### GOAL OF THE EXERCISE
Reproduce the listing word for word, leaving every picture behind.

### INPUT DATA
>>>

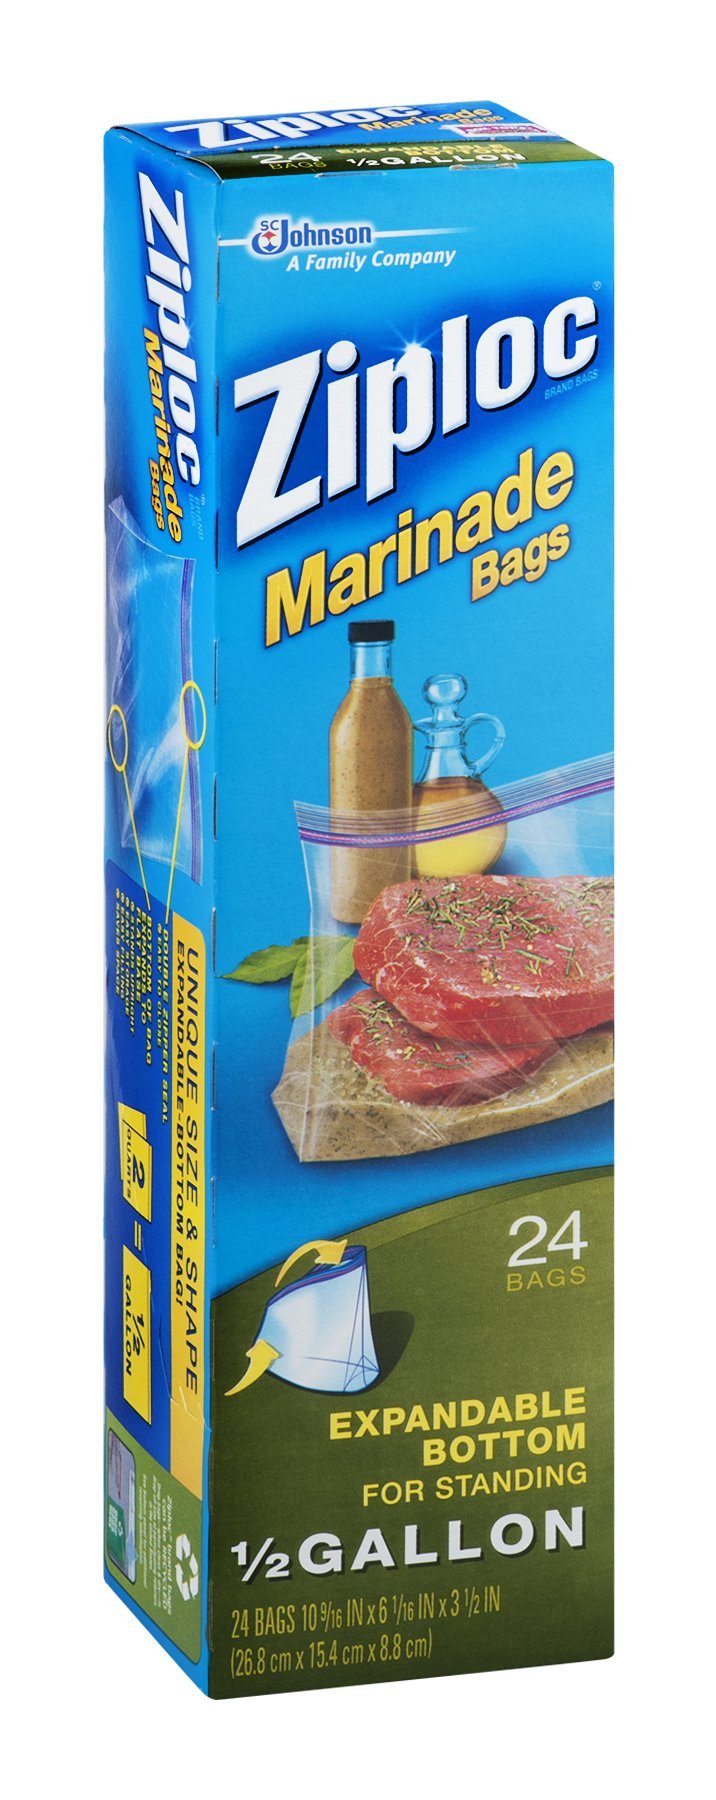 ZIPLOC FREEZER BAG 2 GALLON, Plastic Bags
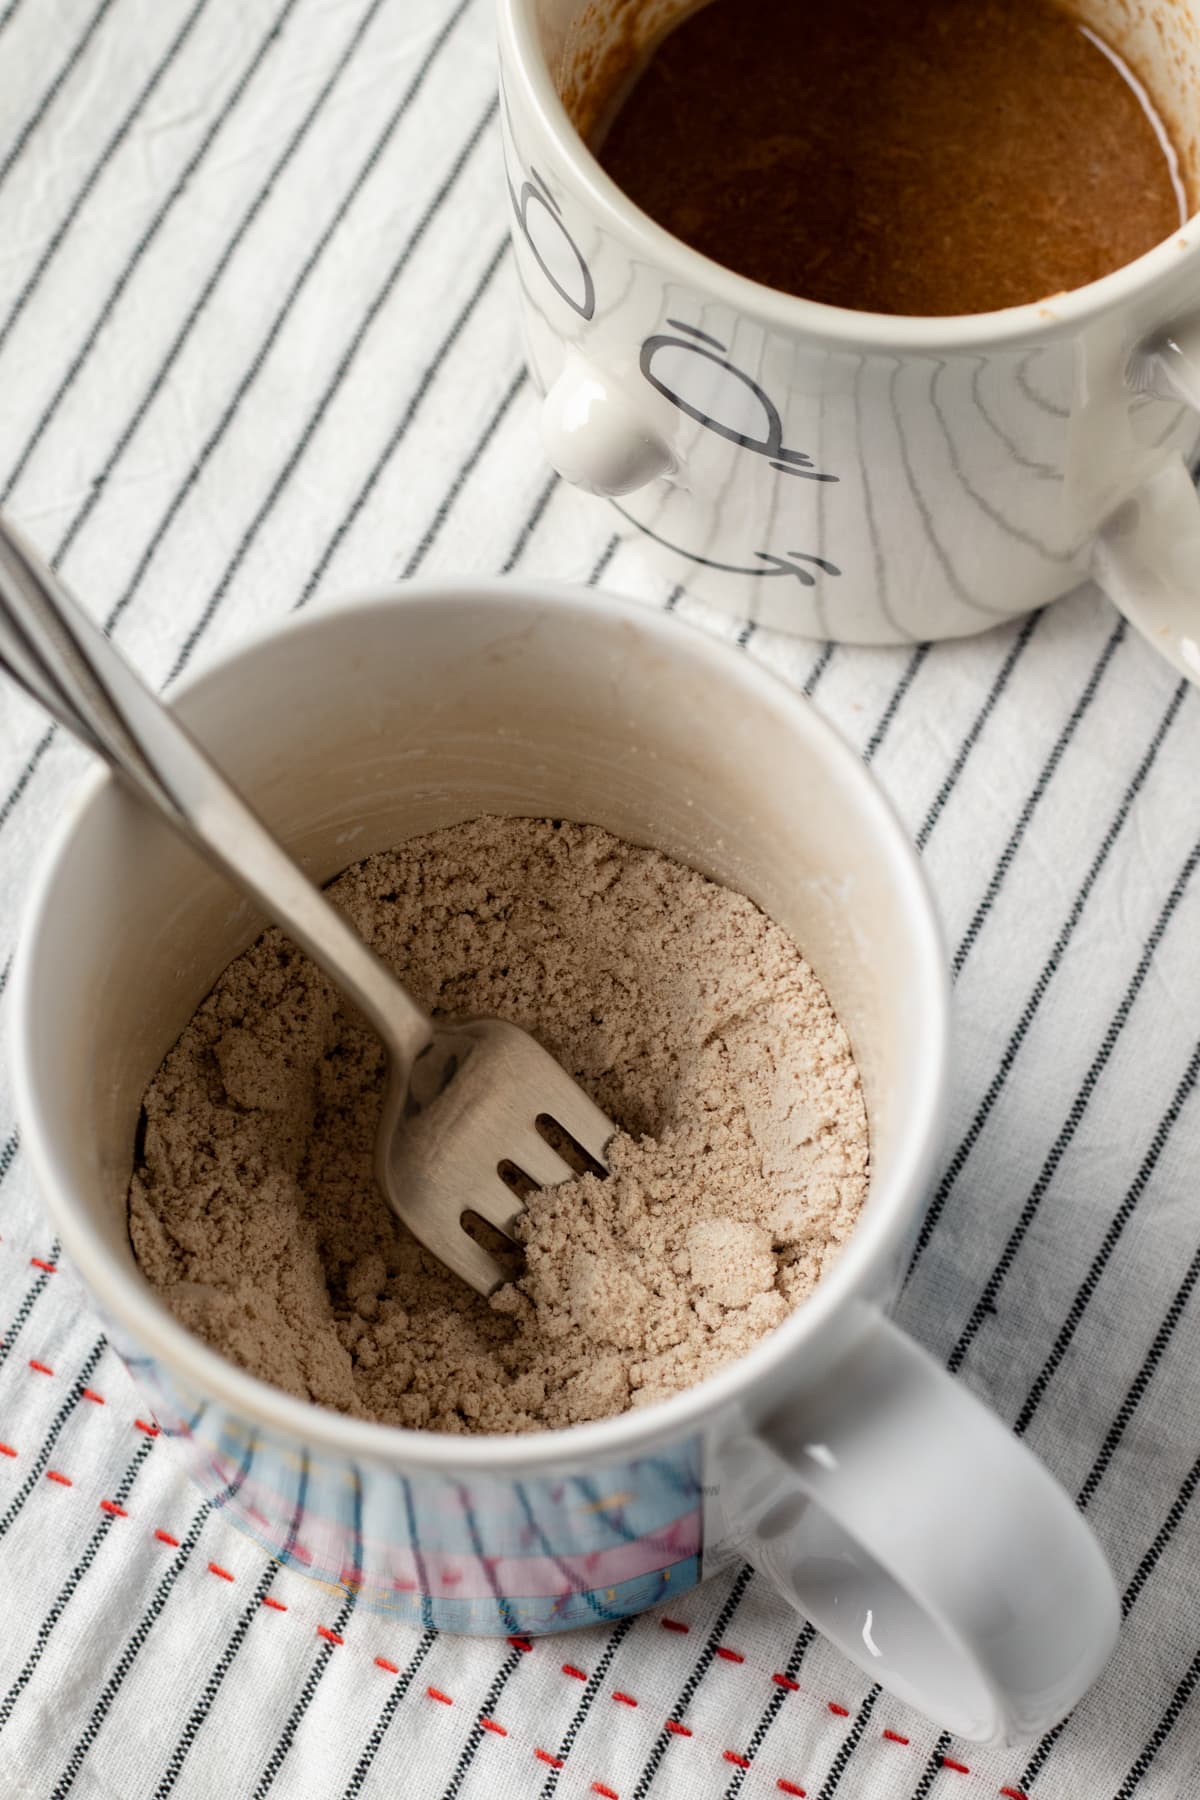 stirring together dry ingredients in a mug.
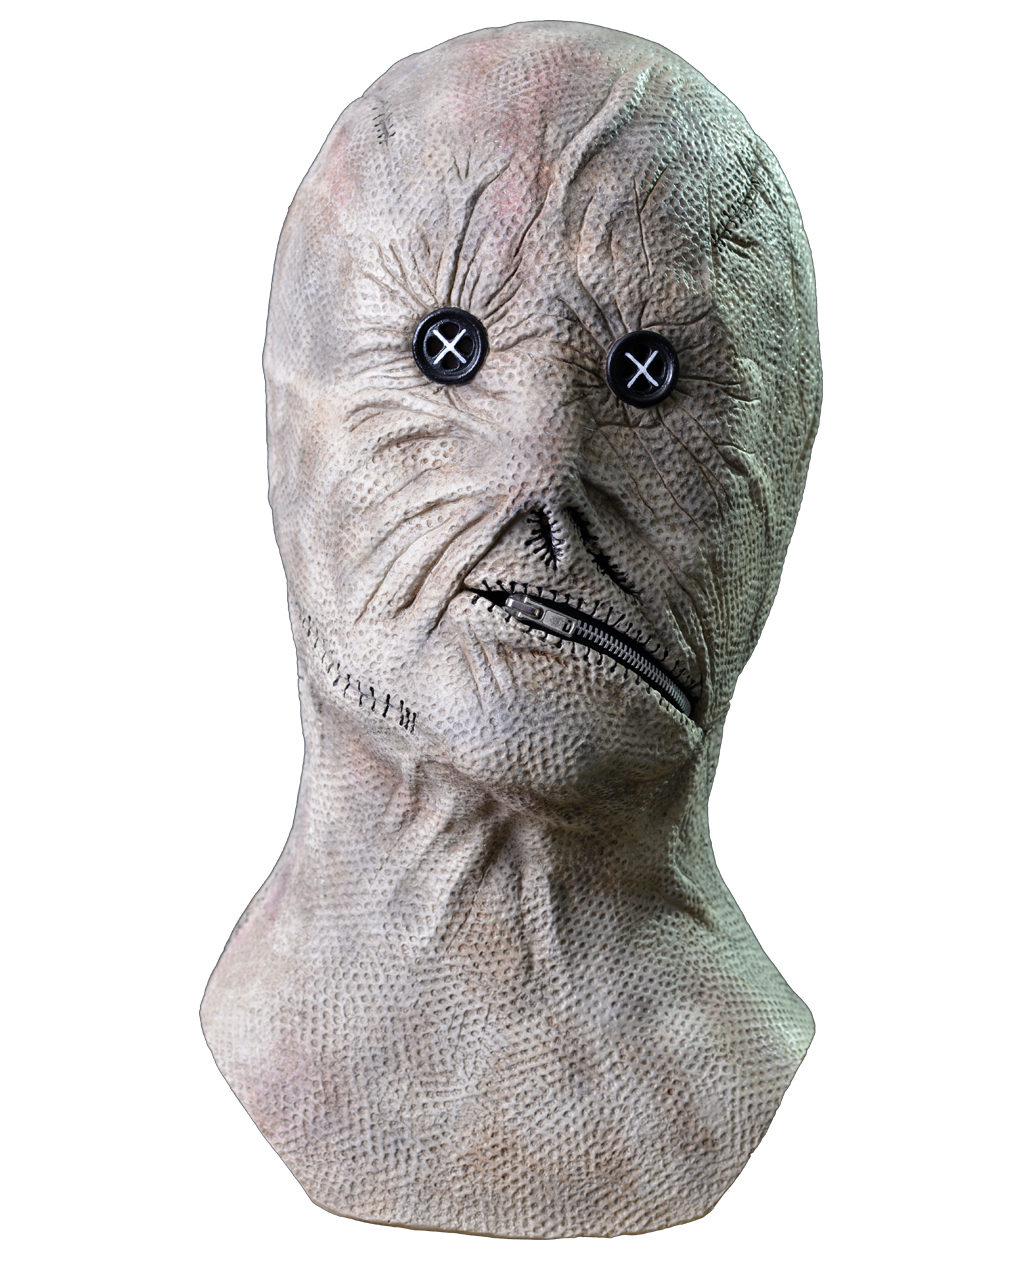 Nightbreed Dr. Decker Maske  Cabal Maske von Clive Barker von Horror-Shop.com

<<<

### ANSWER BOX
 ZIPLOC FREEZER BAG 2 GALLON, Plastic Bags
 stirring together dry ingredients in a mug.
 Nightbreed Dr. Decker Maske  Cabal Maske von Clive Barker von Horror-Shop.com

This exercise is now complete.